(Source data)
════════════════════

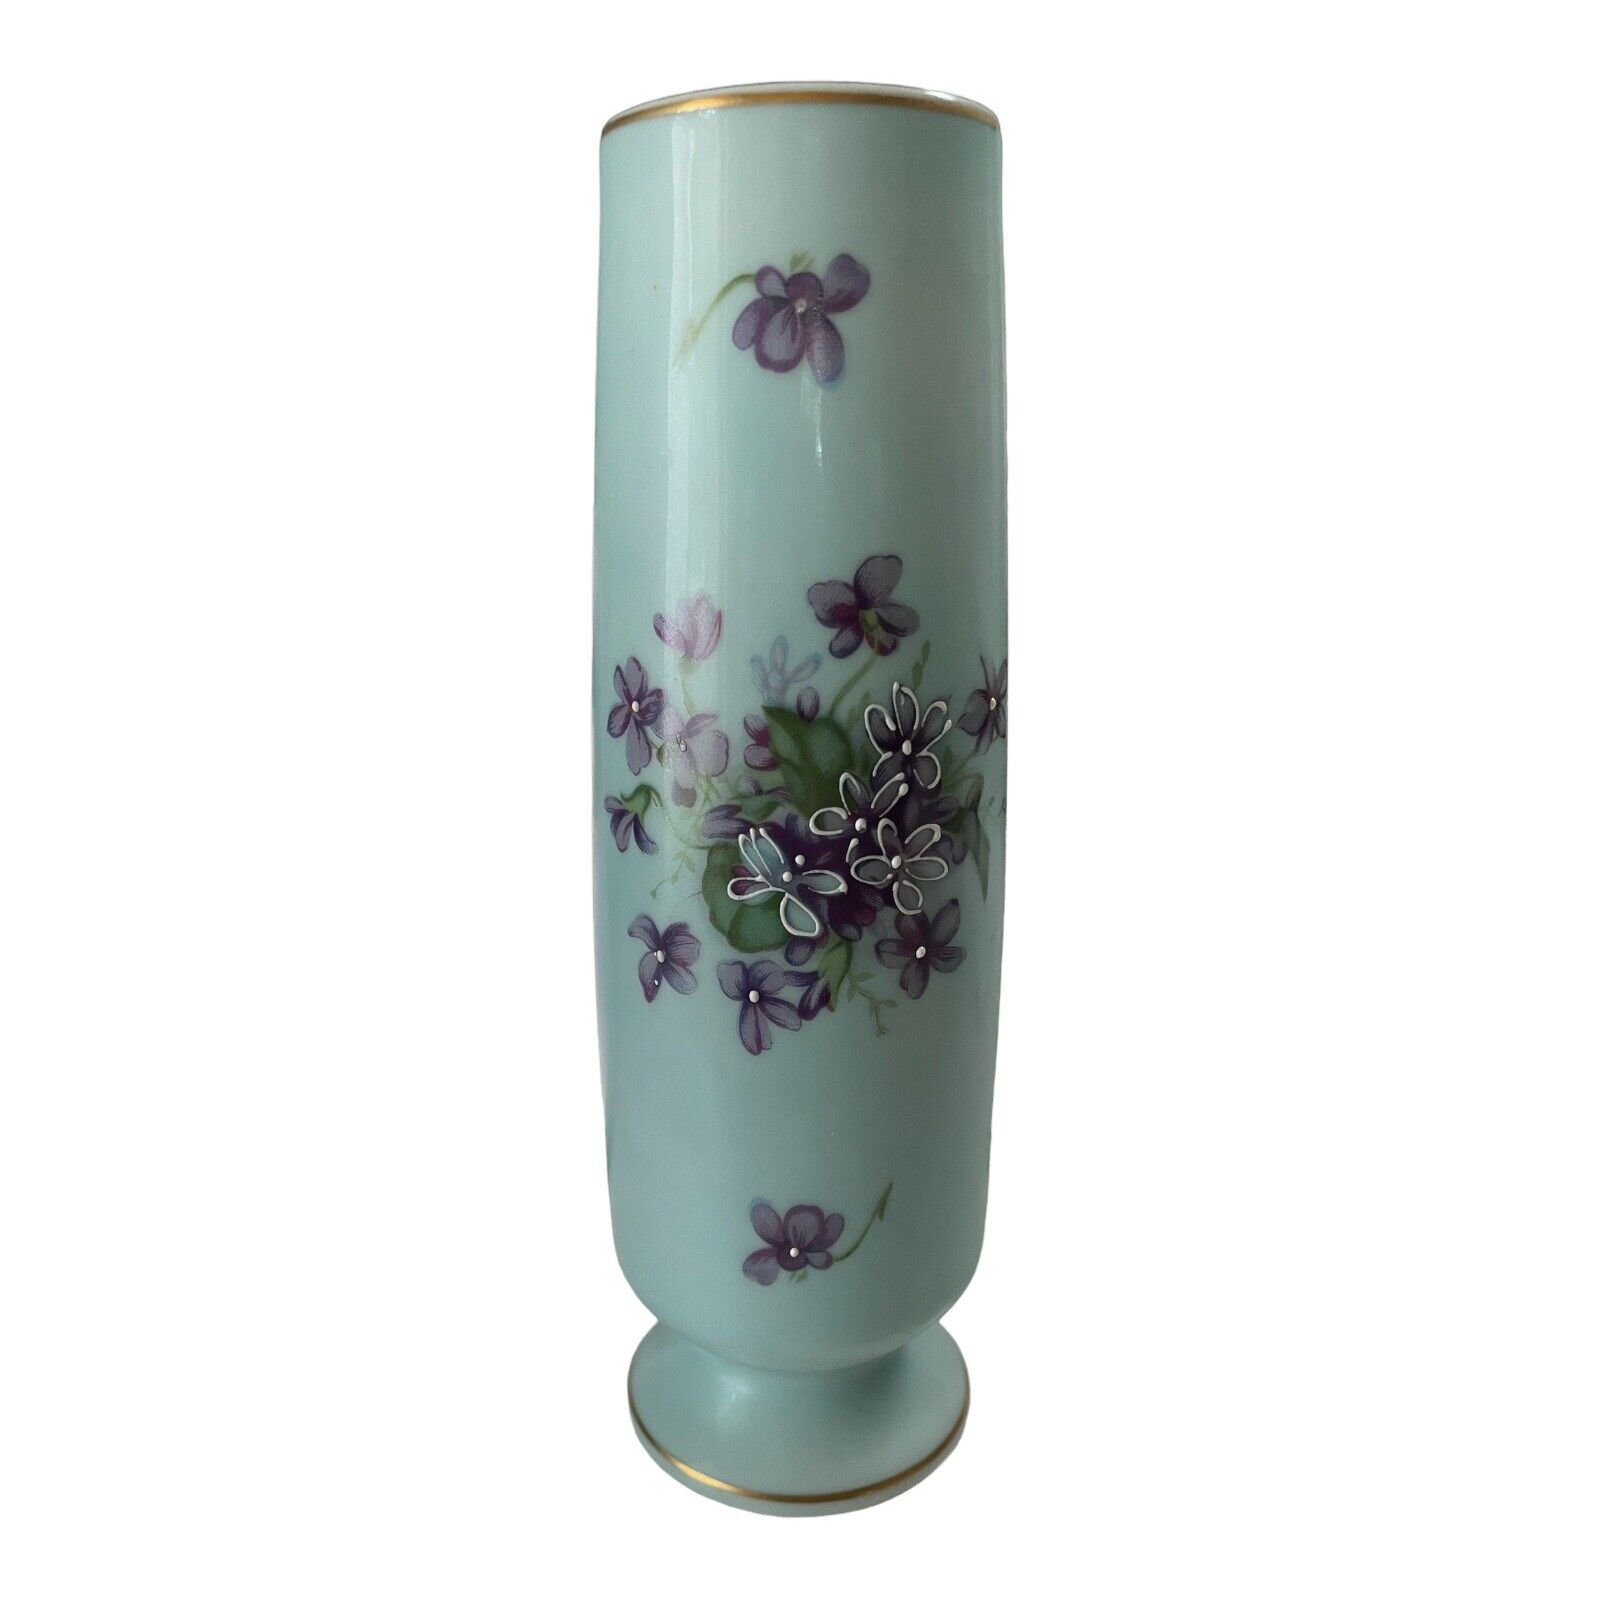 VTG Japanese Norleans Blue Velvet Porcelain Vase 8”
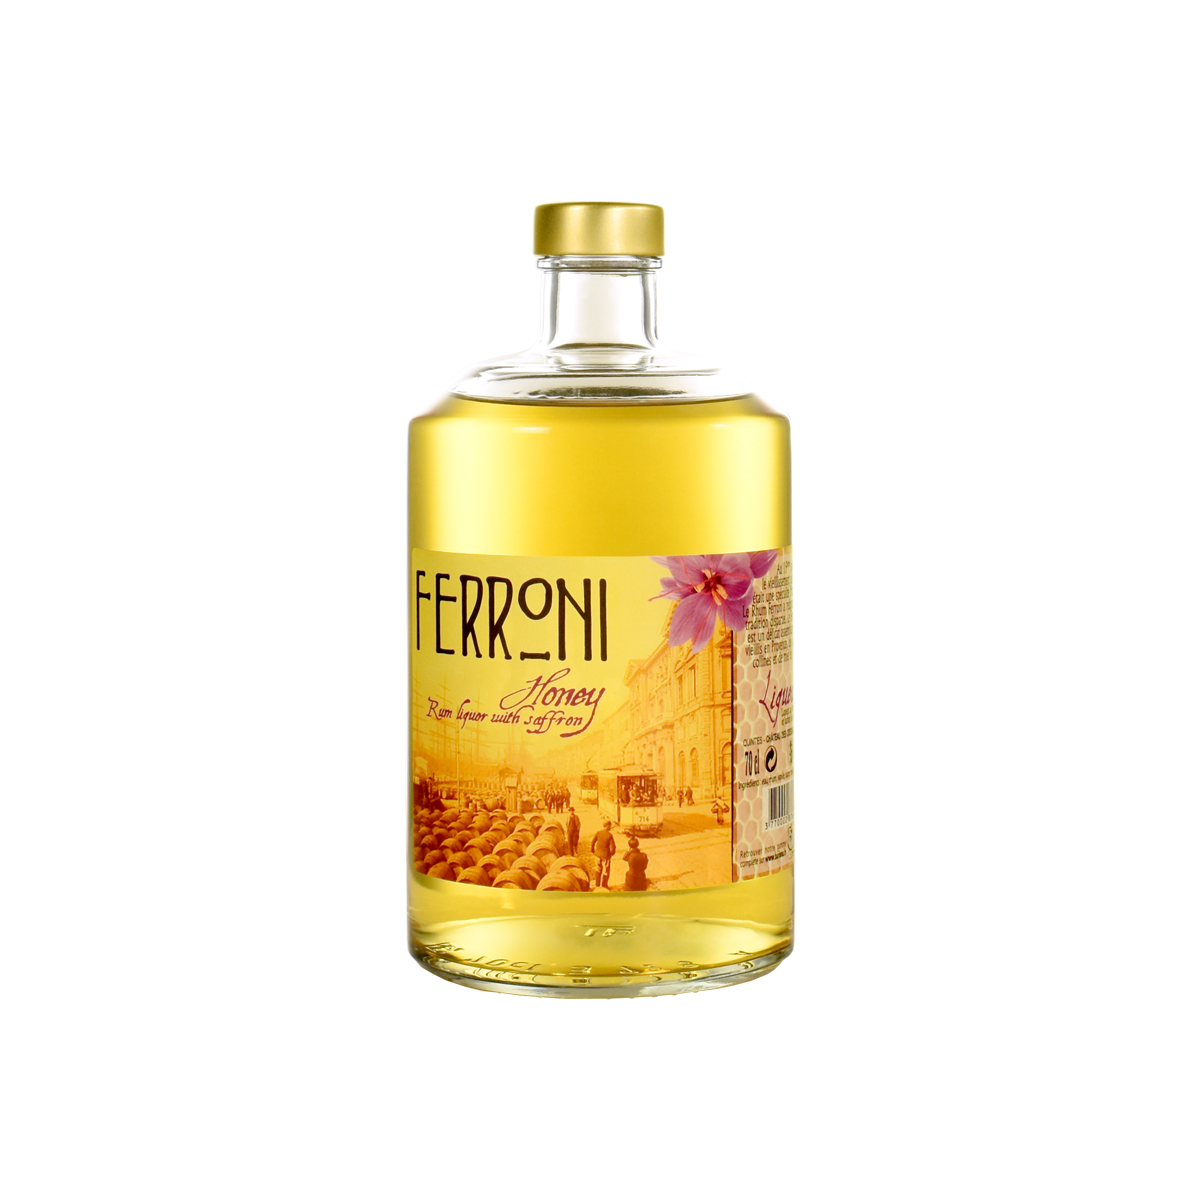 Ferroni Honey Rhum 35 %
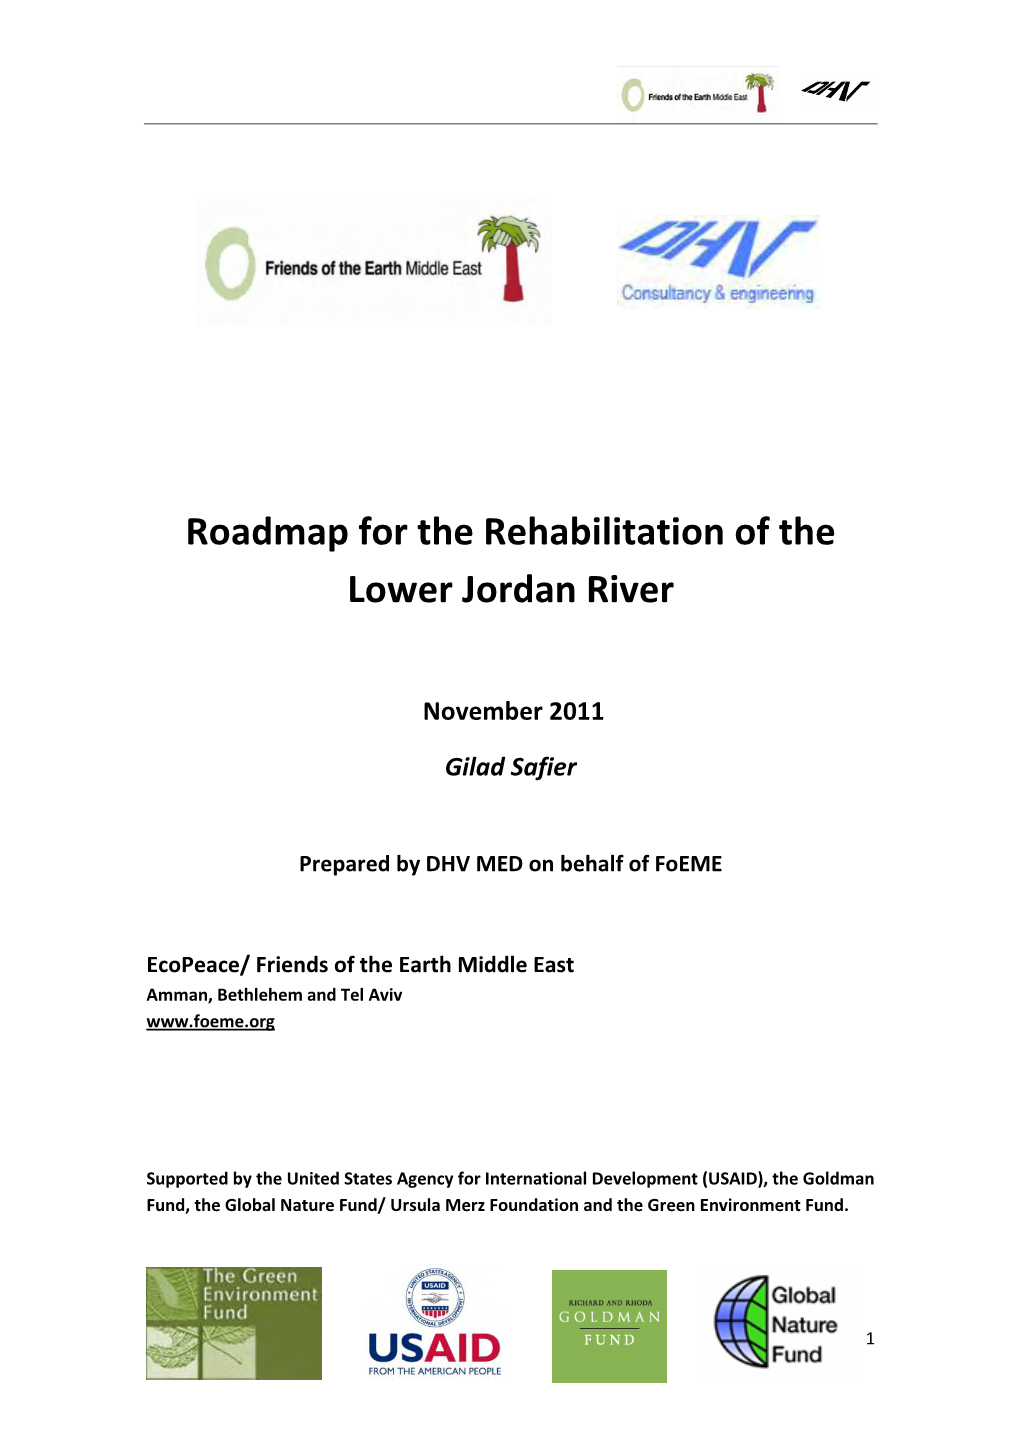 Roadmap for the Rehabilitation of the Lower Jordan River
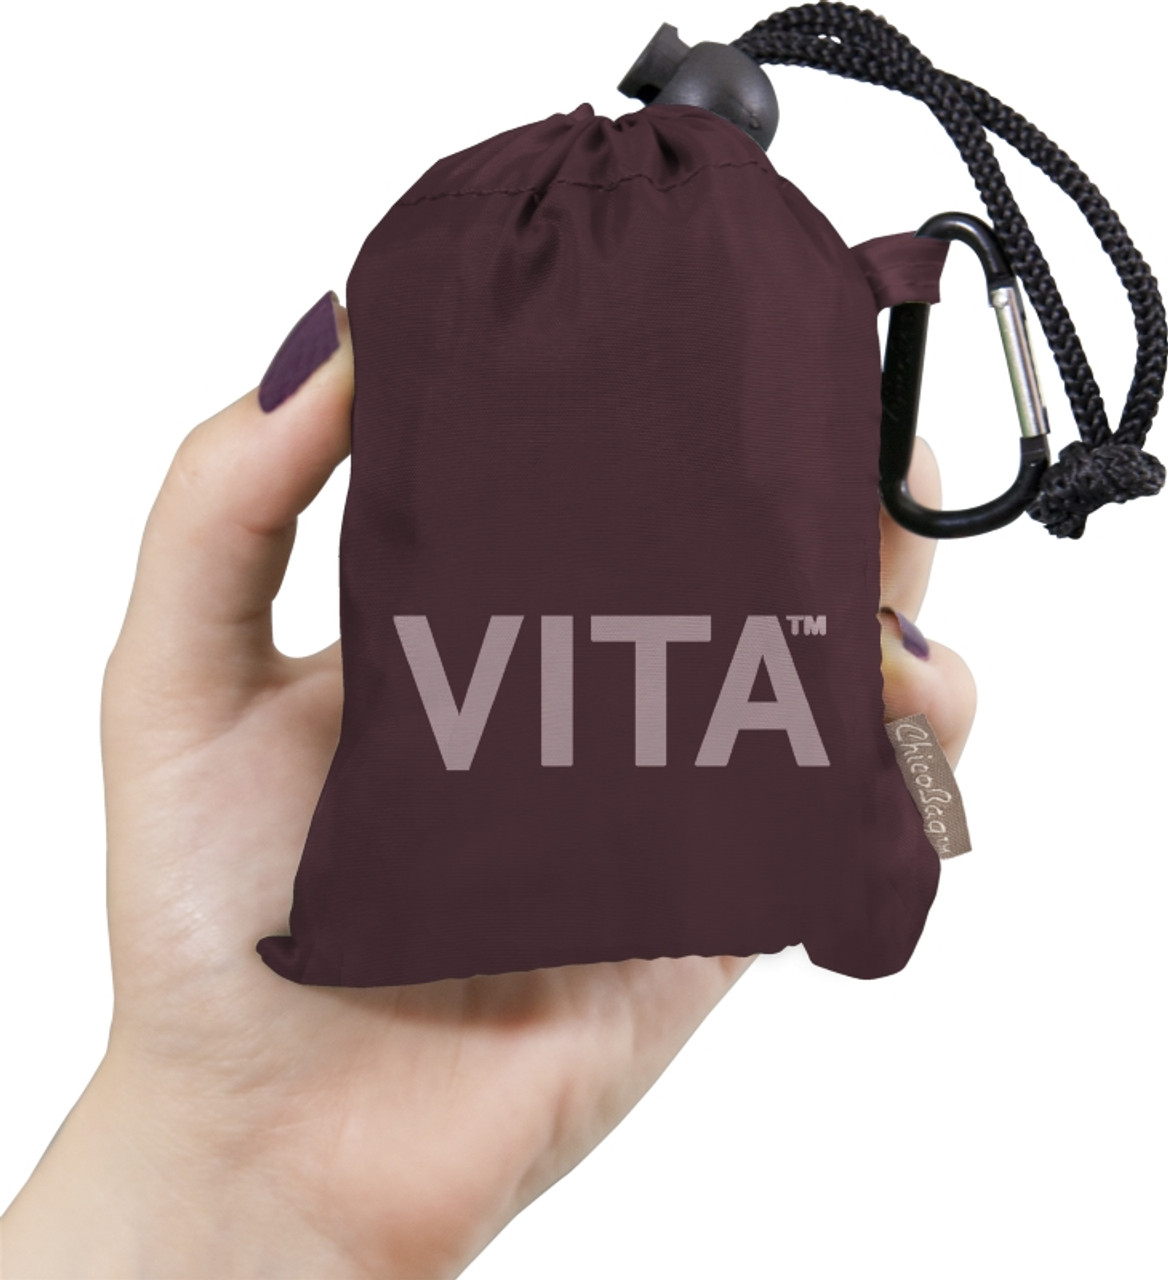 ChicoBag Vita Large Machine Washable Reusable Bag
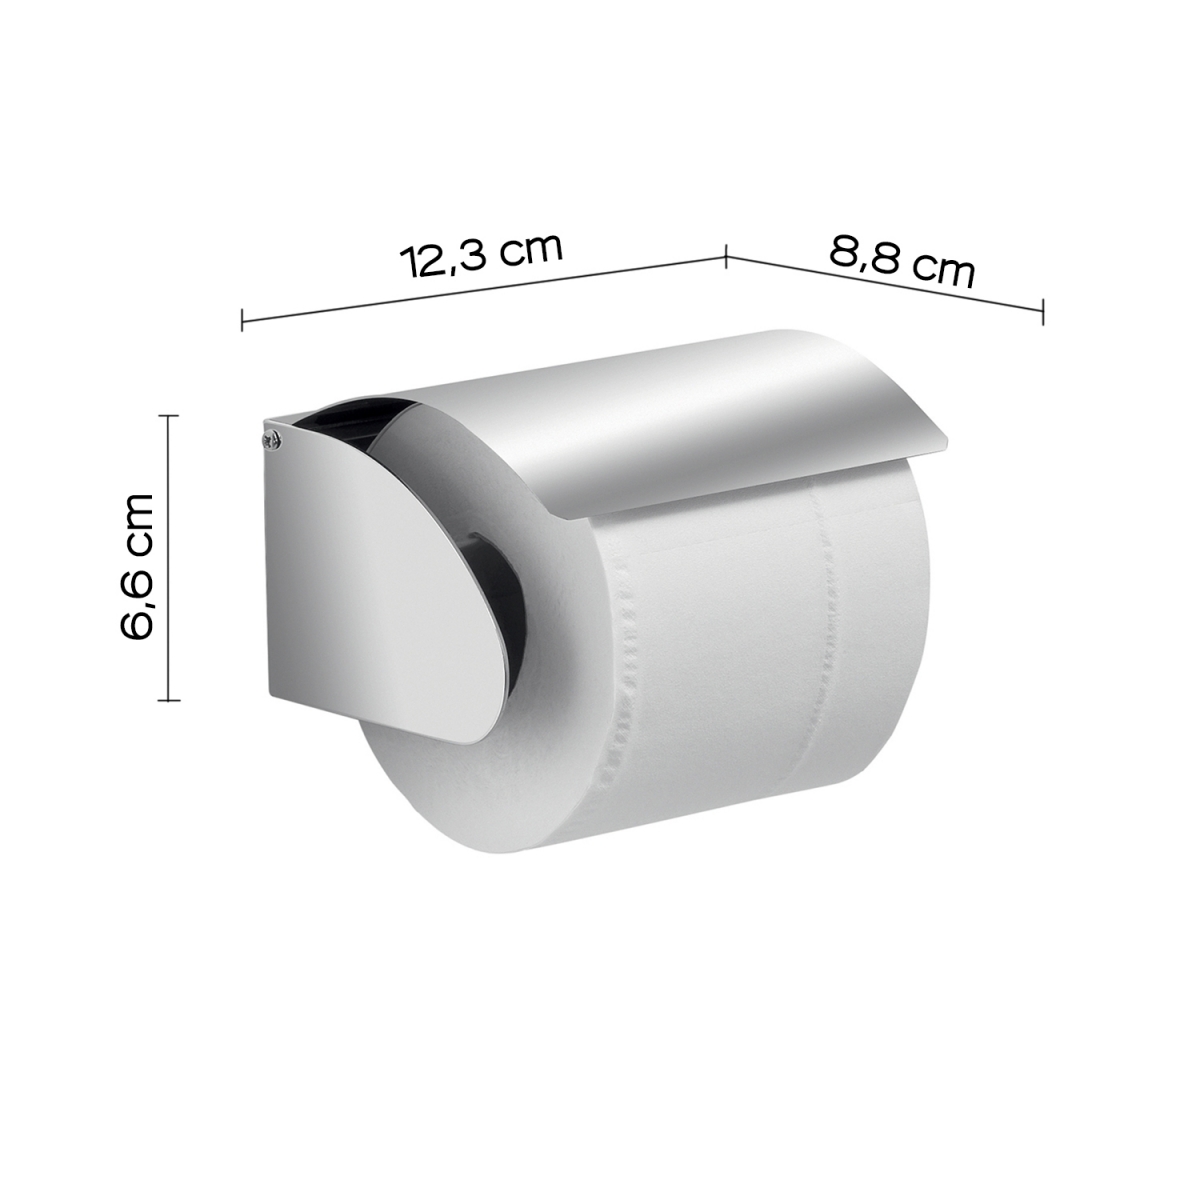 Detalhe de Suporte para rolo de papel higiénico com tampa Project Brushed Chrome

════════════════════

## Goal of the exercise
Output the entries exactly as they appear, with no pictures included.

## Problem solution
 VTG Japanese Norleans Blue Velvet Porcelain Vase 8”
 Ferroni Honey Rhum 35 %
 Roadmap for the Rehabilitation of the Lower Jordan River
 ChicoBag Vita Large Machine Washable Reusable Bag
 Detalhe de Suporte para rolo de papel higiénico com tampa Project Brushed Chrome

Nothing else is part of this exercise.